Но агрессивный фланг еврейства не унимался. Жертвенной крови в этот смрадный костер подливал в своих публикациях мелкий писатель, но широко известный идеологический функционер Александр Борщаговский своими кощунствующими причитаниями: "обвиняется кровь, и ничто другое", "недоверие к крови, презрение к крови, ненависть к крови". Он сам хмелел от своих же заклинаний и становился похожим на своего соплеменника, персонажа из замечательного рассказа Исаака Бабеля Нафтулу Герчика, совершавшего в Одессе обряд обрезания плоти иудейским младенцам:

"Отрезая то, что ему причиталось, он не отцеживал кровь через стеклянную трубочку, а высасывал ее вывороченными своими губами. Кровь размазывалась по всклокоченной его бороде. Он выходил к гостям захмелевший… Жена вытирала салфетками кровь с его бороды…"

Вот он, настоящий культ крови, который русскому человеку, озабоченному всю жизнь своей душой, никогда не понять. А все крики о пристальном внимании русских к "проблеме крови", может быть, есть не что иное, как фрейдистский комплекс, о котором хорошо сказано в русской пословице: "с больной головы на здоровую".

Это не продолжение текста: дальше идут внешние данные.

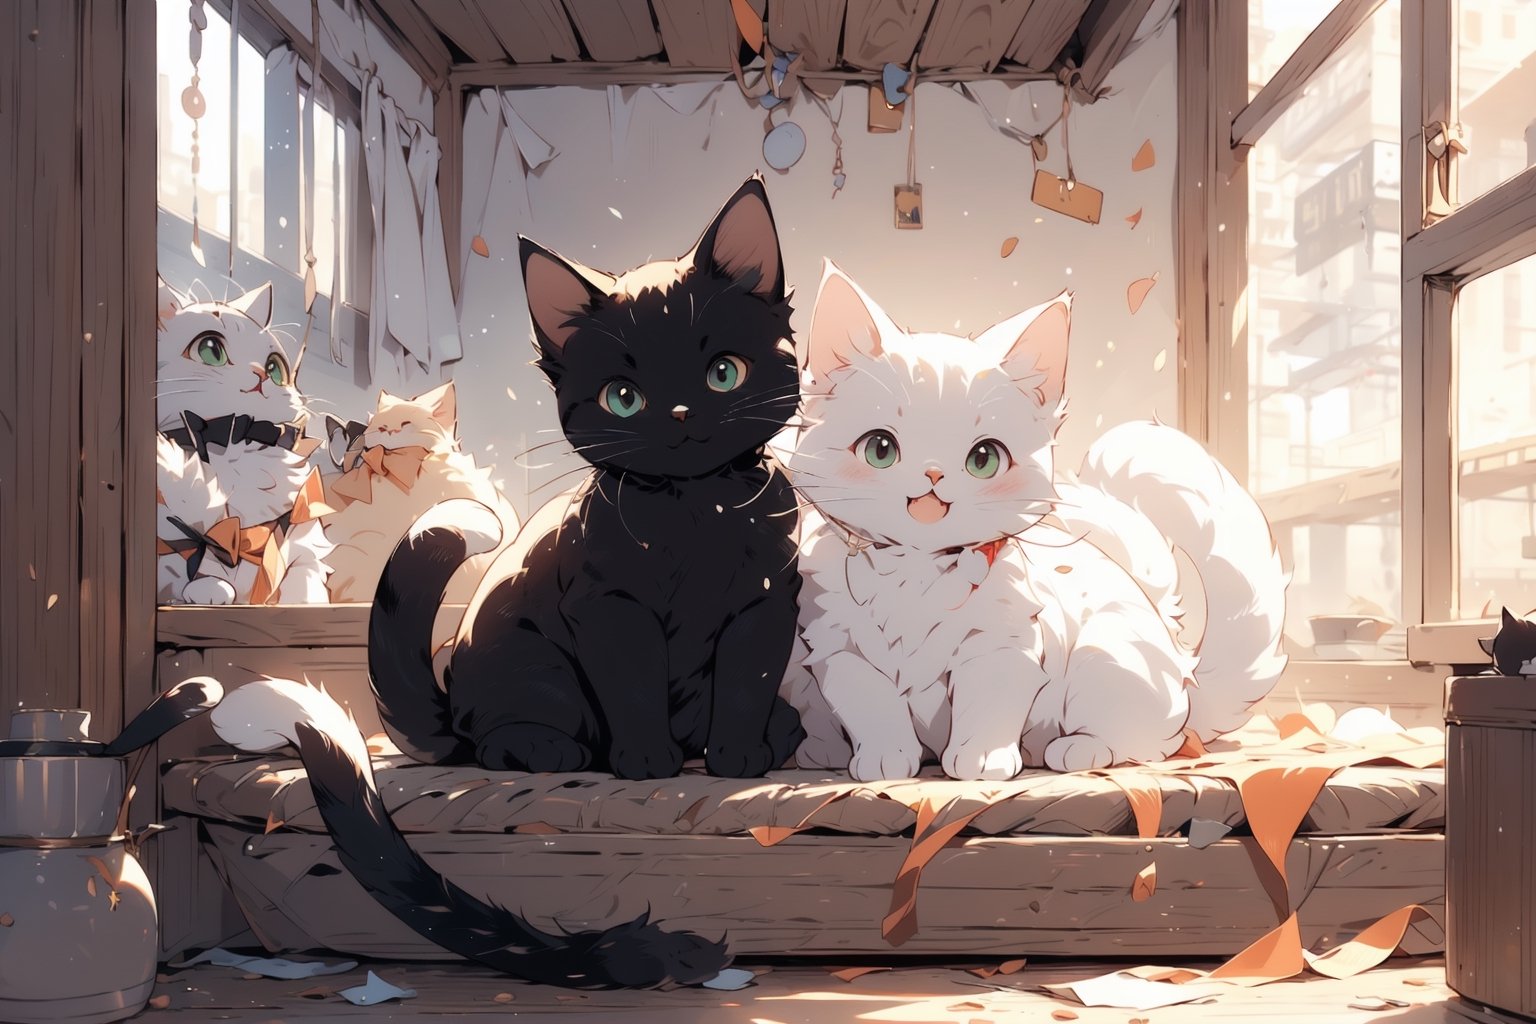 In the sunny spot by the window, two adorable cats peacefully doze side by side. One is a sleek black cat, curled up elegantly with its tail wrapped around its body. The other is a fluffy white cat, stretched out luxuriously, its soft fur glowing in the warm sunlight. Both cats breathe softly, their chests rising and falling rhythmically as they enjoy their afternoon nap together.,best quality

Все эти расистские бредни приписывались нам как аксиома, не требующая доказательств. Наши якобы подлинные заявления о том, "что настоящими русскими писателями могут быть только люди с чисто русской кровью", бесцеремонно придумывались и сочинялись досужими клеветниками. Никто из наших хулителей никогда и нигде не привел буквально ни одной такой цитаты из каких-либо наших статей, речей, выступлений, потому что никто из нас никогда не говорил и не писал подобных глупостей.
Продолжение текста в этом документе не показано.